May God help us both.
I wish you the best, my friend.
Mare
Been to 8 neurologists. The only one with compassion was the last. A NYC neuro. Why iisn’t HSCT offered as a 1st choice. DMDs are useless. I am in Puebla right now. One more weak of neutropenia. Then back to the states. I got immediate relief after 1st chemo. First time in 3 years I can flex my right foot and bend knee. Gone: 10+ constant pain, fog, weakness, blue, swollen legs and feet. After about 10 years, the Neuros watched me wilt like an unwatered flower for 3 years.Fell down the rabbit hole to SPMS. Yes, HSCT is 100% if treatment is done upon diagnosis. Honestly, I am so angry. By the way, Dr. Burt published several reports in Medical Journals that will show the true stats.
Cher Wirth
You are truly a gift from God Dr Boster. Thank you.
Christian Blanchard
I left my neurologist in the middle of an appointment. Pay cash and you can do whatever you want.
Kim
Dr. Boster kicks ass. This video is very informative and I hope that it helps many.
Anon
Lets not put Dr Boster on a pedestal please. He cancelled 3 appointments in a row on me.
Terri
I changed neuros to see Doctor Boster!❤️ Best decision I ever made about my MS treatment!
Marla Hop
Howdy all...Ok I will NEVER leave Dr. Cowboy Boot wearing Boster.. This man keeps it all the way real. He’s just as passionate about kicking this in the you know what as we are.. I have told him in a not so nice tone that if he decided to leave we would have TROUBLE TROUBLE.. Love this man ;-)
Stacey Guenther
I feel blessed because I have a great neurologist who listens to me. He seems to know a lot about MS and understands all the symptoms, even the depression and anxiety. He was very empathetic about my bladder issues, spasticity, memory issues, walking problems, memory and cognitive problems. He does his best to help me.

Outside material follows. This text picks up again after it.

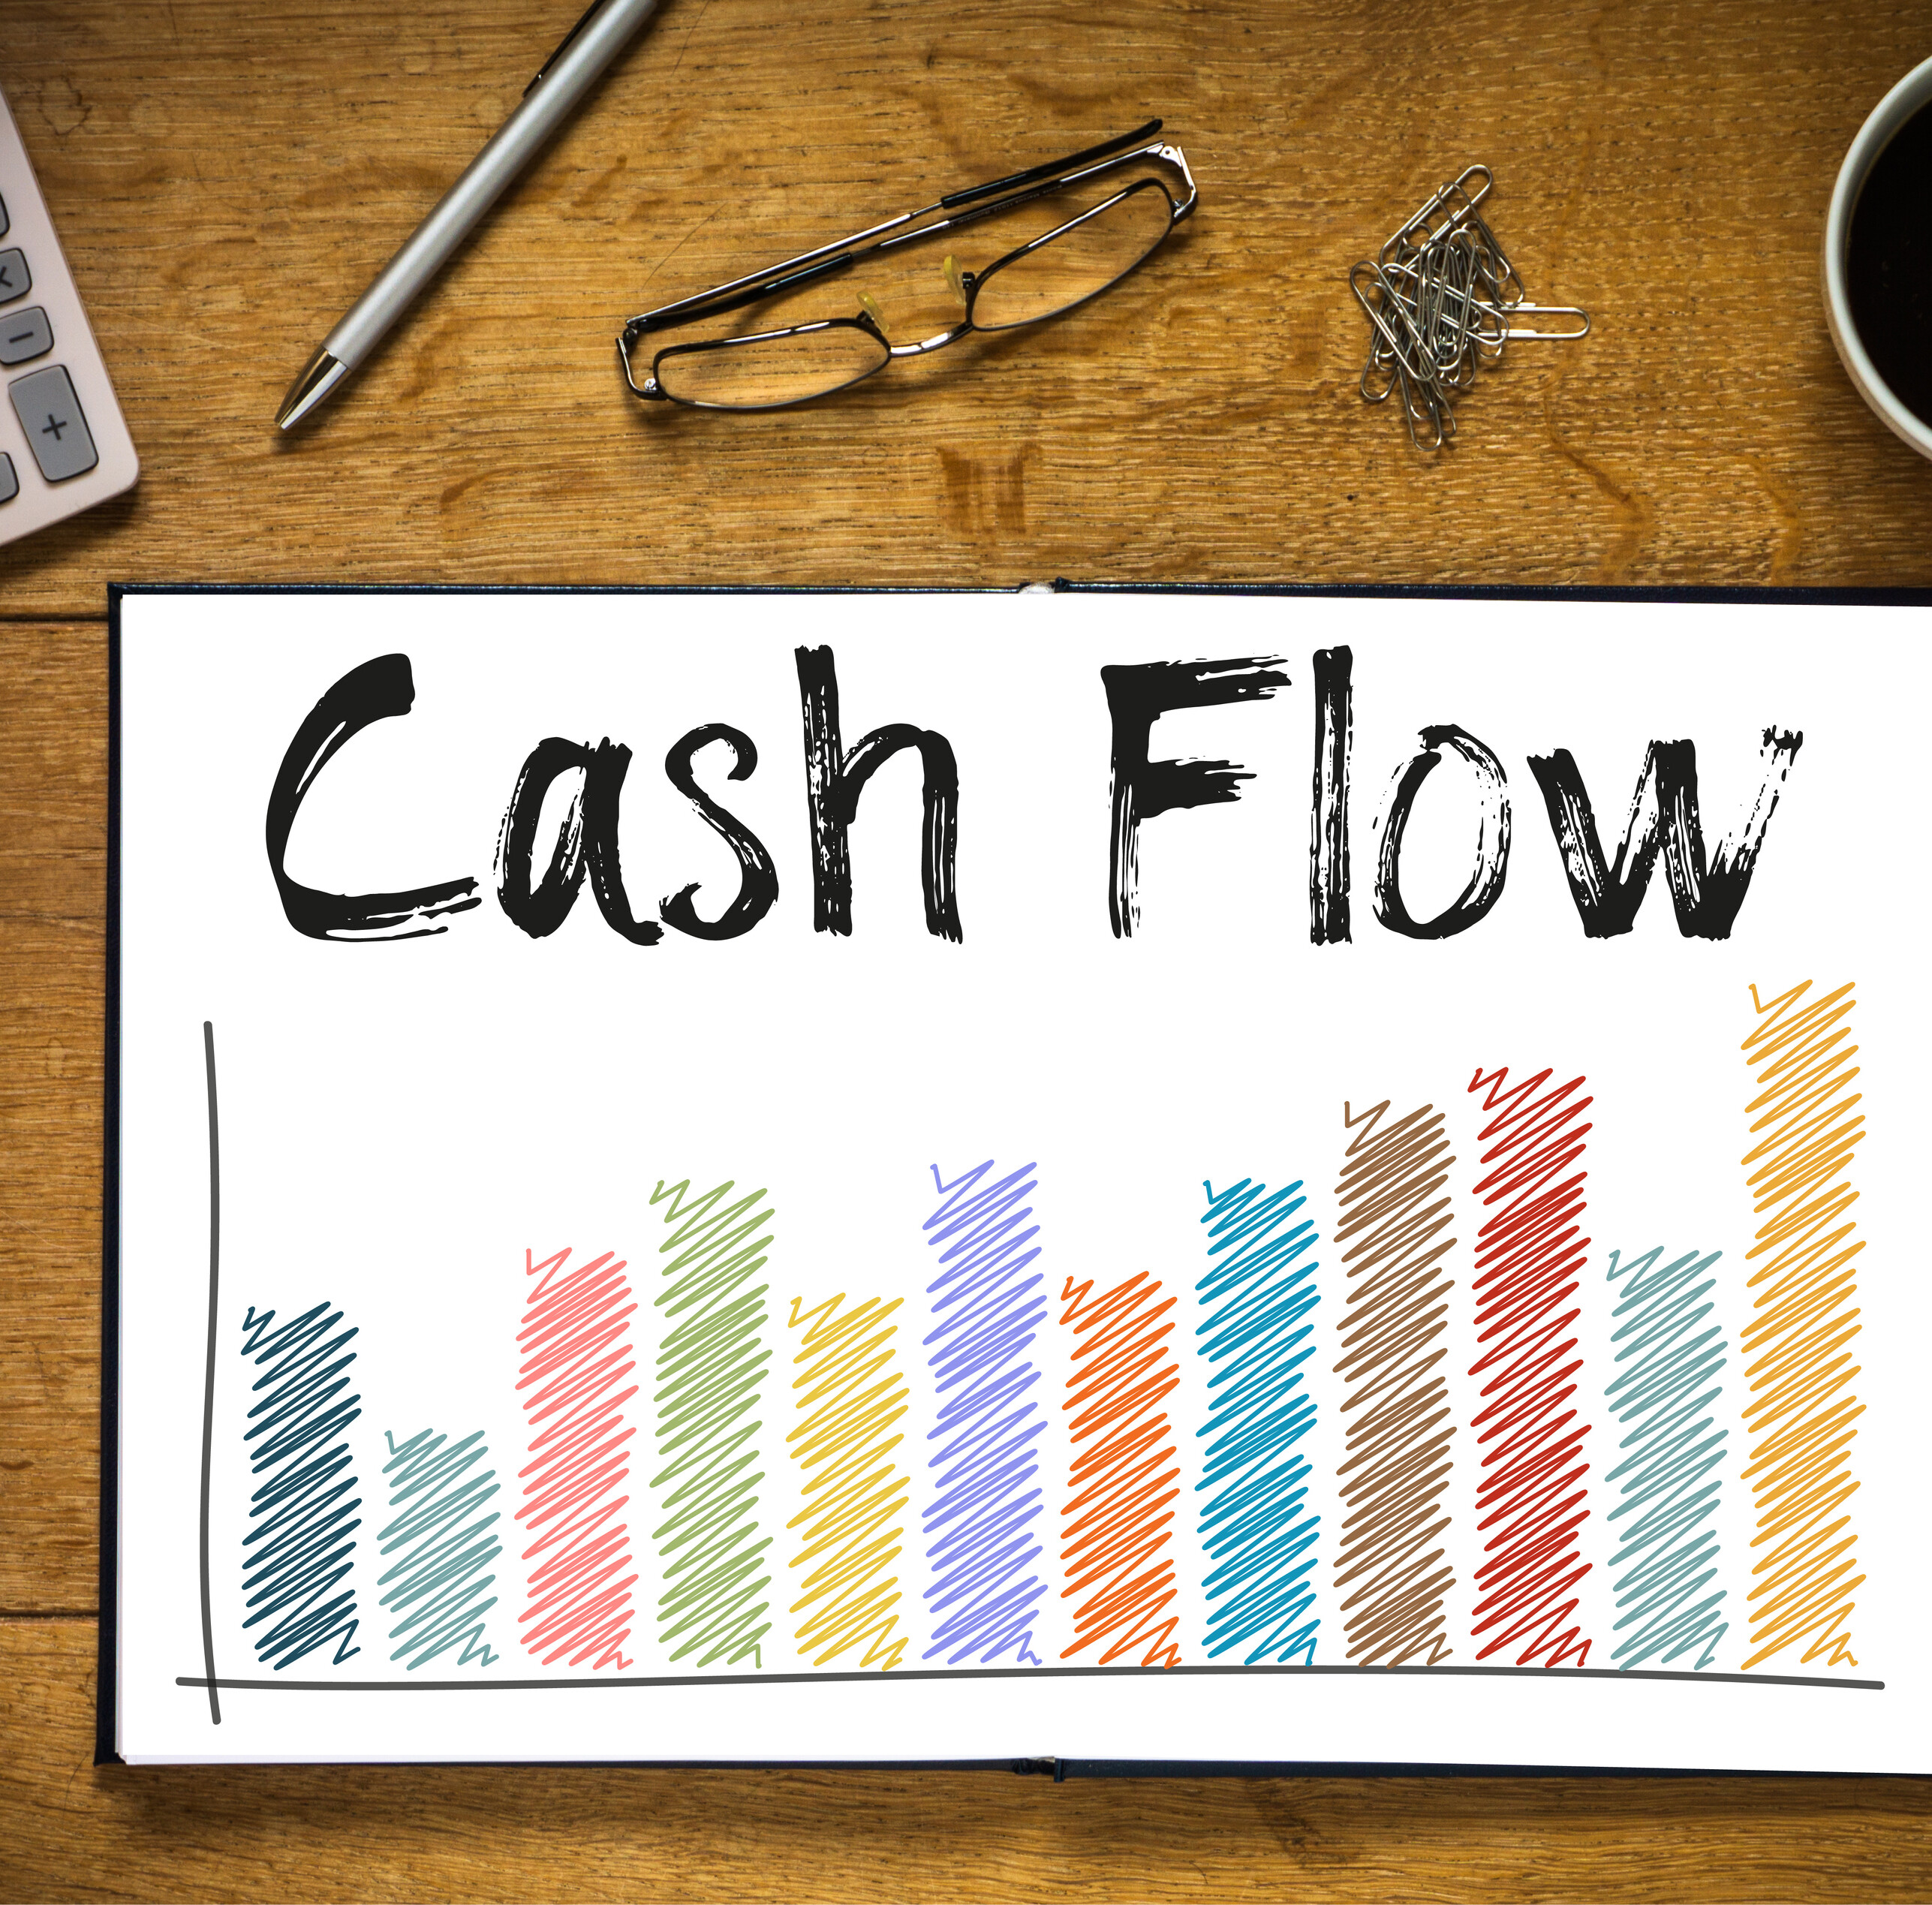 Discounted Cashflow Modell

I’m worried about what will happen when he retires and how I will start the process of finding a new neurologist. I’m currently on Ocrevus for Primary Progressive MS, and as you said, there needs to be communication between the old doctor and the new. I don’t know how old my neurologist is so hopefully he has a while before he retires, but it is something I worry about, and I do worry about a lot living with MS.
Shakira Perez
Hello, I work for a mental health agency and I have a patient who is really struggling with her current neurologist. This patient has a history of medical trauma and is diagnosed with epilepsy, GAD, and depression. Her current neurologist does not make her feel welcomed or has any compassion towards her or medical trauma and because of this, my patient will avoid going to appointments or have a lot of anxiety leading to the appointments. She has been trying to obtain a new neuro, however her current neurologist has said they have to release my patient in order for her to get a new one and they do not want to release her. I am just wondering if this information that is being told to my patient is true? I figured if anyone would like to switch neuros, their current one can not stop it. Has anyone dealt with this from their provider before? Any tips would be helpful, thanks!
Ed Tobias
Hi Shakira,
Thanks for reaching out. I've never heard of a doctor telling a patient that the doctor needs to "release" her in order to me seen by a new doctor. In fact, I read stories from MS patients all the time about how they moved from one neuro to another until they found the right fit. It's likely that the old neuro will require the patient to sign a release before the current doc will release her records to a new doc, but I'm sure you know that.
You could also check with the medical board in your area to see what they have to say about this.
I'm sure your patient will appreciate the extra mile you're going to help her. I wish her well.